She kicked her shoes off onto the floor
She said, “Drive fast, speed turns me on”
She put her hand on my knee, I put my foot on the gas
We almost got whiplash, I took off so fast
The sun roof was open , the music was high
And this girl's hand was steadily moving up my thigh
She had opened up three buttons on her shirt so far
I guess that's why I didn't notice that police car
We're doing ninety in my Mom's new Porsche
And to make this long story short - short
When the cop pulled me over I was scared as hell
I said, “I don't have a license but I drive very well, officer”
I almost had a heart attack that day
Come to find out the girl was a twelve-year-old runaway
By-and-large, I think that Will Smith's contribution to society is underrated.
Not a whole lot of Reds news to catch up on this week. Quick props to Felipe Lopez and Ken Griffey, Jr for being honored by Sporting News, of course, but we already knew they were awesome.
I did finally get around to watching the episode of Don Fransisco Presenta featuring an interview with Sammy Sosa.
I had seen the previews for this interview on Univision while I was on the elliptical machine at the gym, and I could have sworn that they were implying that it was going to be a tearful, heart-wrenching affair. Maybe some secret sins would be revealed? I guess that did, at first, seem unlikely from Don Fransisco of Sabado Gigante fame, but you never know. Maybe Wink Martindale would be Barbara Walters under the right conditions.

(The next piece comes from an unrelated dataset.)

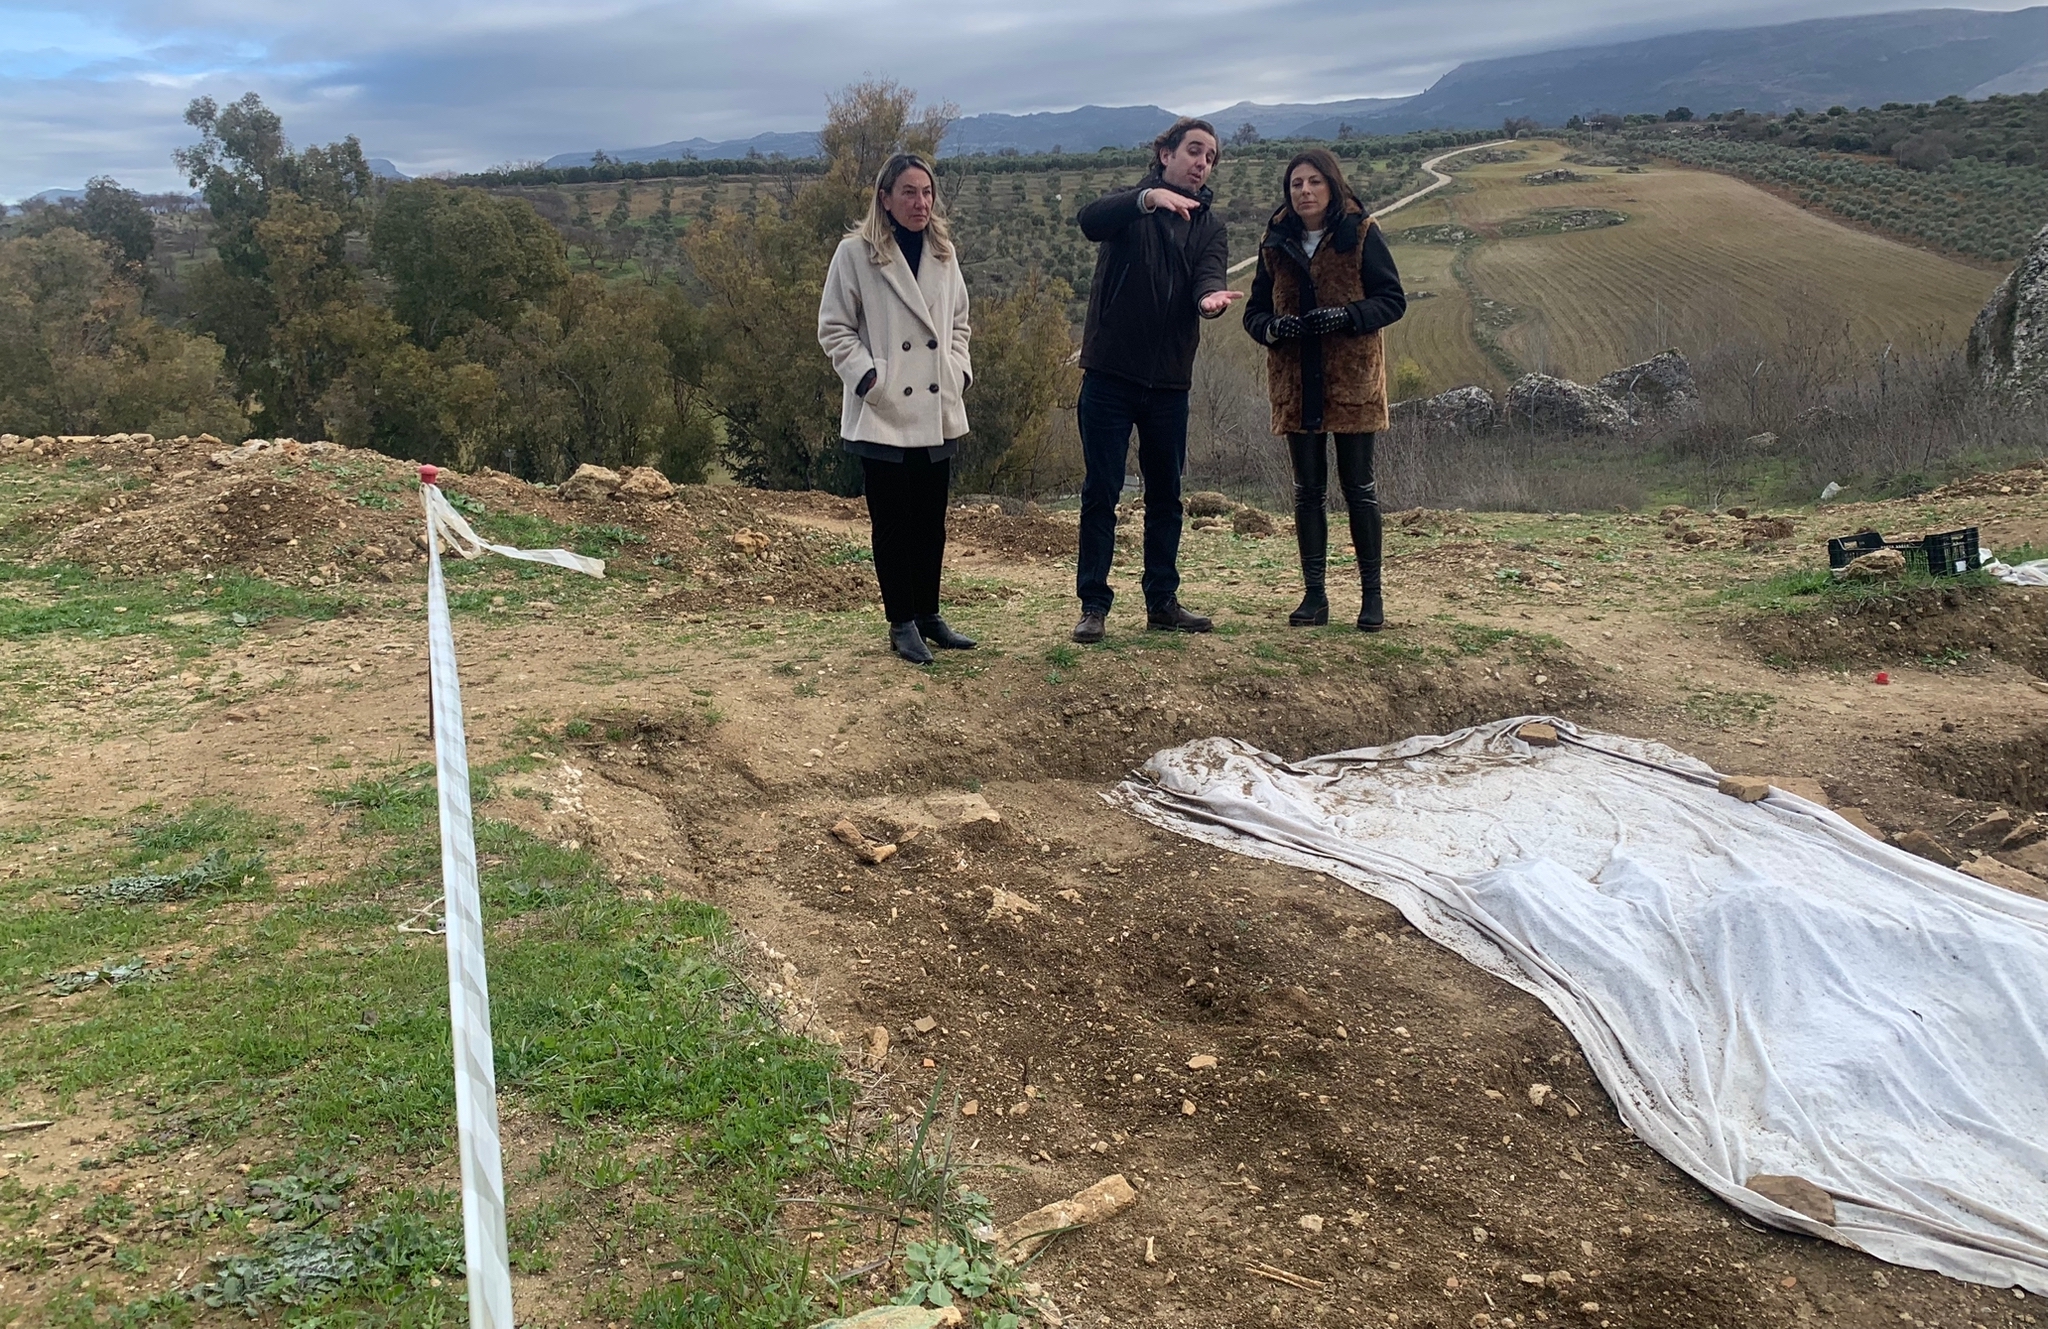 Prorrogan las excavaciones arqueológicas en una parcela tras el hallazgo de un cementerio andalusí

Well, that was *not* what the interview was like. It was a downright Sammy Love Fest. It began with a long soliloquy by Don Fransisco talking about Sosa's humble beginnings in the Dominican Republic. About how he was the fifth of sixth children, how his father died when he was only 7, how he had to sell orange juice and shine shoes and work in a car wash to help support his mother and siblings. About how, of the first $3,500 he made, he sent $3,300 to his mother and used the other $200 to buy himself a bike just so he could get around. About how he had overcome all that to achieve the American Dream.
Sosa responded with a minor soliloquy of his own about how the most important influence in his life is his belief in God, and that he thinks is mother is just great. When asked what he would say to the people back home in the Dominican Republic, he told them that he is like them and that they can have whatever they want in life because God will give them the opportunity. They just have to forget the negative in their life and go forward.
Don Fransisco didn't make even the remotest reference to any discussion of steroids, but apparently enough time had passed since the corked bat incident to bring it up. Sosa explained that he is human and made a mistake, and that he needed a second chance. Don Fransisco mentioned that the rest of the bats had been inspected and were normal, to which Sosa replied, “I have natural strength. I don't need any substances or anything negative to be myself.” (Translation mine and undoubtedly poor.) And the crowd went wild.
The interview continued as Sosa tutored Don Fransisco on his batting stance. Meaningful stuff.
They briefly discussed Sosa's wife of 14 years (sort of; I guess 12 of those were civil marriage). I didn't follow the story very well, but I guess Sosa met her in a gymnasium and promised to make her a queen if she would marry him. And now he describes her as “more than a queen.”
Gloria Trevi, a Mexican pop star from the 80s with a rather checkered past, was also a guest on the program that night. Ms. Trevi is apparently friends with Sosa, having attended his wedding, and she thanked him for not discriminating against her family. I didn't really follow that part of the interview very well. My crack research department has been looking up stuff about Trevi this evening, in part because the story of her checkered past is fairly interesting, but mostly, I suspect, because there are many nude photos of her available around the Web.
There were a couple commercials on the program that were highly entertaining, including what I believe was a service to buy love poems on your cell phone and send them to people and another for a book on tape about how to make love all night. The tag line was “La mejor manera de perder al sueño” (“The best way to lose sleep”). Ooh la la.
Unfortunately, I'm not coming away from the program with the top-secret scoop, but it was a good time anyway, and I would certainly recommend any future beísbol-related interviews on Don Fransisco Presenta. Don't try to watch them with your parents, though; they just wouldn't understand.